* [PROMPT] Would you restate the entries below word for word, starting at the first line and ending with the one that has "Una sezione del"?

=== Begin Enclosure ===

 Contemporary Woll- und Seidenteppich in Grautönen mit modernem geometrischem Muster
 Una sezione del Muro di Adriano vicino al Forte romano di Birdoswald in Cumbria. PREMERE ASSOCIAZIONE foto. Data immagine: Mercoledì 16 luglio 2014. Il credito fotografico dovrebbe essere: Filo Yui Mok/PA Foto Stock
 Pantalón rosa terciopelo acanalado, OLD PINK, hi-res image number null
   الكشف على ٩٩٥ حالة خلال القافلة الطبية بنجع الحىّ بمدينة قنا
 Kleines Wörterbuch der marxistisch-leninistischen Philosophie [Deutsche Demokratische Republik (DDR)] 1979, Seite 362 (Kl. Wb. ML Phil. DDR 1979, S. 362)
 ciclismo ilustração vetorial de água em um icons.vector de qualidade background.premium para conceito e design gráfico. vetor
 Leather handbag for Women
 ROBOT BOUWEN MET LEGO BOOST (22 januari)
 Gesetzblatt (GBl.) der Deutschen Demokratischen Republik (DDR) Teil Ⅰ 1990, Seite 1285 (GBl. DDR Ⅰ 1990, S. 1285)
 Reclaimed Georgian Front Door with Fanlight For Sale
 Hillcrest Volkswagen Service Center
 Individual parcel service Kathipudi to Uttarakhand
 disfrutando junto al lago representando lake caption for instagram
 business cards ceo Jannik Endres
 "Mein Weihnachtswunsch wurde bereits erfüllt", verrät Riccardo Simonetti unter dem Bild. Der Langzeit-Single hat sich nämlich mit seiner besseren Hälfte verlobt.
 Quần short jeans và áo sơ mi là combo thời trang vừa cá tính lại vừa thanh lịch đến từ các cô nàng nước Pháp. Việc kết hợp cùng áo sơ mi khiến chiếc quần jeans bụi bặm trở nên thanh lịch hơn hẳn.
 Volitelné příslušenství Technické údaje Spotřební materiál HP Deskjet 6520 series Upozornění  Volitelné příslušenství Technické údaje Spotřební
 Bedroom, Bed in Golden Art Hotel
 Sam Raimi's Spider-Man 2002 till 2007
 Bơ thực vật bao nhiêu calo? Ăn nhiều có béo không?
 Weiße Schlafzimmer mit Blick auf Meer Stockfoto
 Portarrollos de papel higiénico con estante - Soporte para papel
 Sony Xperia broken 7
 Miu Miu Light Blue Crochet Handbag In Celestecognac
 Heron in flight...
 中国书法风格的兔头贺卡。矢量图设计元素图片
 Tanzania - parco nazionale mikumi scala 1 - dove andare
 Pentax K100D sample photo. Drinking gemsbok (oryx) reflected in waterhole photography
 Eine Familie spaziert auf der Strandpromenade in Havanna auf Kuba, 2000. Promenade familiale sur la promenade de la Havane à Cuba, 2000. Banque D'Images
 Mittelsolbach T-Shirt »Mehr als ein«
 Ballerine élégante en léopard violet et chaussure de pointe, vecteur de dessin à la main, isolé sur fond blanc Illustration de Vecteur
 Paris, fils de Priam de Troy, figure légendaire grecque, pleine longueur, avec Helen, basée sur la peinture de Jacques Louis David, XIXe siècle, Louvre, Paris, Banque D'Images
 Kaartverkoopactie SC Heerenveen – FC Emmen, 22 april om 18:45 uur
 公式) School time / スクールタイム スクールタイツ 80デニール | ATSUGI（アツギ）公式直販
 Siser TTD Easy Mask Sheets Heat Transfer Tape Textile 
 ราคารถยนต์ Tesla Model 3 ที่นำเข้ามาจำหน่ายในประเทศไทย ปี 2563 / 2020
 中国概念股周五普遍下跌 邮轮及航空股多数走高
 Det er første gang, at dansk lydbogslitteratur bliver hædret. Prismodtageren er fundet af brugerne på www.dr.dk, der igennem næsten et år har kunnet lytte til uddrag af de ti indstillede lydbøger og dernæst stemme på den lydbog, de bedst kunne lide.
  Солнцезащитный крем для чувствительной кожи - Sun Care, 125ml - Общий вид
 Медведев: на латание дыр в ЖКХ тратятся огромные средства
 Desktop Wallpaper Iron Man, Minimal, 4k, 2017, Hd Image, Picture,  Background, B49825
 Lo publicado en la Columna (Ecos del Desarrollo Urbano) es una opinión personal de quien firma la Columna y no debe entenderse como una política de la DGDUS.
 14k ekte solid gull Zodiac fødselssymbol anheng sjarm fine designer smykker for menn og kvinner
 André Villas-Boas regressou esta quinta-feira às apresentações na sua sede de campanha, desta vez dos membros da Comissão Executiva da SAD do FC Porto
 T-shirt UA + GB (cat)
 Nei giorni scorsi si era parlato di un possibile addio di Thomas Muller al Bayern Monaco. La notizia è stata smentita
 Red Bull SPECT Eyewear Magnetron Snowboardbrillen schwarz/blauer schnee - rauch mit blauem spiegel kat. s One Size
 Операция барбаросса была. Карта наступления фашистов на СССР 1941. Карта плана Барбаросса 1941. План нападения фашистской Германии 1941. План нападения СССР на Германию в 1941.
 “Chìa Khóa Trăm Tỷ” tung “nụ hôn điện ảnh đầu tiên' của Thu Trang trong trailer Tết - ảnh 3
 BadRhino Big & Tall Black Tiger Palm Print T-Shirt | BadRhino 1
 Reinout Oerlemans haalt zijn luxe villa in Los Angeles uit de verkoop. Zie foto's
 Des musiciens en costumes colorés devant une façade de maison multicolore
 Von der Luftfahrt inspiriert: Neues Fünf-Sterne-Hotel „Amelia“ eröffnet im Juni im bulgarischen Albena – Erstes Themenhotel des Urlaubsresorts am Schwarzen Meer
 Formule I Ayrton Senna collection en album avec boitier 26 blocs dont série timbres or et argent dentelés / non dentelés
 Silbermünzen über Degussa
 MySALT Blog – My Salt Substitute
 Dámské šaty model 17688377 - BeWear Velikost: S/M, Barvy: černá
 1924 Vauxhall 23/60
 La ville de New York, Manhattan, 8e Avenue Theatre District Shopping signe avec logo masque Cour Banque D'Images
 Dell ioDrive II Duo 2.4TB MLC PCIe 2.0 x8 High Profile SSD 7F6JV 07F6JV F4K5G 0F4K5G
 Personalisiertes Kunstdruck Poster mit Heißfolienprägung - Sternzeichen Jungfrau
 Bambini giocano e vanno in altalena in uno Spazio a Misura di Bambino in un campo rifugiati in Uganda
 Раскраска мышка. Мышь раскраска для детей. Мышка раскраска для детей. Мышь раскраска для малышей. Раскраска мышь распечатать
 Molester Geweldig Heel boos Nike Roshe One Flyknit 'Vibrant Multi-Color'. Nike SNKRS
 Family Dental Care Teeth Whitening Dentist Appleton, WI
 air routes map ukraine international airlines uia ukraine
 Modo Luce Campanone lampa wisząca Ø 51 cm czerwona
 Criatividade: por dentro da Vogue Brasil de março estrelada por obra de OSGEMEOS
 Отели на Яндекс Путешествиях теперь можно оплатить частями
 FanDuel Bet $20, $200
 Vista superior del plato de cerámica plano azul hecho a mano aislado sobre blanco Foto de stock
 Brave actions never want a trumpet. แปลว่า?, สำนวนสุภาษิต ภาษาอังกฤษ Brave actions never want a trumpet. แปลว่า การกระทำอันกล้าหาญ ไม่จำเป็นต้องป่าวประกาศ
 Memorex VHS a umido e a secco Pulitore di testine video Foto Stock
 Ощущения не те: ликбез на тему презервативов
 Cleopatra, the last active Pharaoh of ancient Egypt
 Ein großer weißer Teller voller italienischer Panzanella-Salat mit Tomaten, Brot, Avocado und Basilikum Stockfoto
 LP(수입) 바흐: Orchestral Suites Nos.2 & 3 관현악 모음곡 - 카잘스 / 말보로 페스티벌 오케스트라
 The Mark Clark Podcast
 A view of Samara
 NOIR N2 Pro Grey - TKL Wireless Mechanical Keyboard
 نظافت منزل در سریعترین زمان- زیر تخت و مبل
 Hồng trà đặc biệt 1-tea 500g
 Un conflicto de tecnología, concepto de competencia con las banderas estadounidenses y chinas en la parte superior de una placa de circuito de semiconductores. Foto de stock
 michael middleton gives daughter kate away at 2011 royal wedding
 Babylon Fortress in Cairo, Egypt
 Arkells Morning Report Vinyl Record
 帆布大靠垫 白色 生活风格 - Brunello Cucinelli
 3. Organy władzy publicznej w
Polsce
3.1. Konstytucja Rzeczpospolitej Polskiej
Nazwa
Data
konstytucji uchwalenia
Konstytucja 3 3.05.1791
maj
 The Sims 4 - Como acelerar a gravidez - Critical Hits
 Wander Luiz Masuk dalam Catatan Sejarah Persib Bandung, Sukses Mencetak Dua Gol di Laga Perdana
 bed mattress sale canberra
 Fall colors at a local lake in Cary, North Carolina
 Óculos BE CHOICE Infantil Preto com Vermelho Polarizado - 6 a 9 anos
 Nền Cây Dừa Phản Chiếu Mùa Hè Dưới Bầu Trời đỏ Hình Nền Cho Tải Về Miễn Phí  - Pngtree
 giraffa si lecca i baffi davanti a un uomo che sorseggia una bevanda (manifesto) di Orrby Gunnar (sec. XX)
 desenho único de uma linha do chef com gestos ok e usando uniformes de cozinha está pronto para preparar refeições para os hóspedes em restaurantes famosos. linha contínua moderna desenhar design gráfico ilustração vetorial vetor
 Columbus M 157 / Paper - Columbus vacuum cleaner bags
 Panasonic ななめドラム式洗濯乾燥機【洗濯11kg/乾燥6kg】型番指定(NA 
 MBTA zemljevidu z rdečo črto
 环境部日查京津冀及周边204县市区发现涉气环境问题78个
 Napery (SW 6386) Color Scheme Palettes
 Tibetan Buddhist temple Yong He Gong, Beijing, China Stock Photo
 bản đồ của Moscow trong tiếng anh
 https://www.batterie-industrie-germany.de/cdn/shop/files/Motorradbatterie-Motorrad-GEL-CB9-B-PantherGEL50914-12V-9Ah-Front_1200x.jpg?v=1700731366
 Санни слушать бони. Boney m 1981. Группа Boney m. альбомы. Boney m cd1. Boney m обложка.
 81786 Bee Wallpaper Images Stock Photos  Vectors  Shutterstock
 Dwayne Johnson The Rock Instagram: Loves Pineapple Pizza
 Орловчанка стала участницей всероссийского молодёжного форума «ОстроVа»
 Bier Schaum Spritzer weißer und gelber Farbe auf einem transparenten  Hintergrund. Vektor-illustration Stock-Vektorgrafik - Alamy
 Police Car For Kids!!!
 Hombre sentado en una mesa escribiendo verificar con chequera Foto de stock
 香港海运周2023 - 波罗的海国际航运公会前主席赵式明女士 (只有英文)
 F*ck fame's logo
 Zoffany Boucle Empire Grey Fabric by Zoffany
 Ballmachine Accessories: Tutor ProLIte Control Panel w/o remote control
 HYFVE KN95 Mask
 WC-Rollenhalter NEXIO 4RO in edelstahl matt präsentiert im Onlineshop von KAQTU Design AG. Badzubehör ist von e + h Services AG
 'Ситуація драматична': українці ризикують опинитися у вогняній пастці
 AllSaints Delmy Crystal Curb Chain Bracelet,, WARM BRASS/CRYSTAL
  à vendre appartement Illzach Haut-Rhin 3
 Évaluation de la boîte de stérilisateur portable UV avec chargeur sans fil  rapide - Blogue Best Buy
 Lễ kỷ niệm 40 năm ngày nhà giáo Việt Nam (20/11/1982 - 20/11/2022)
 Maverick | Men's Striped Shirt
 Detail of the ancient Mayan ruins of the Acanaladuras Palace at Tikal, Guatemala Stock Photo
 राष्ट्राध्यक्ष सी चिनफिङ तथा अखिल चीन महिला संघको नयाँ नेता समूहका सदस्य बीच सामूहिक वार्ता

=== End Enclosure ===

* [SOLUTION TO THIS TASK]
 Contemporary Woll- und Seidenteppich in Grautönen mit modernem geometrischem Muster
 Una sezione del Muro di Adriano vicino al Forte romano di Birdoswald in Cumbria. PREMERE ASSOCIAZIONE foto. Data immagine: Mercoledì 16 luglio 2014. Il credito fotografico dovrebbe essere: Filo Yui Mok/PA Foto Stock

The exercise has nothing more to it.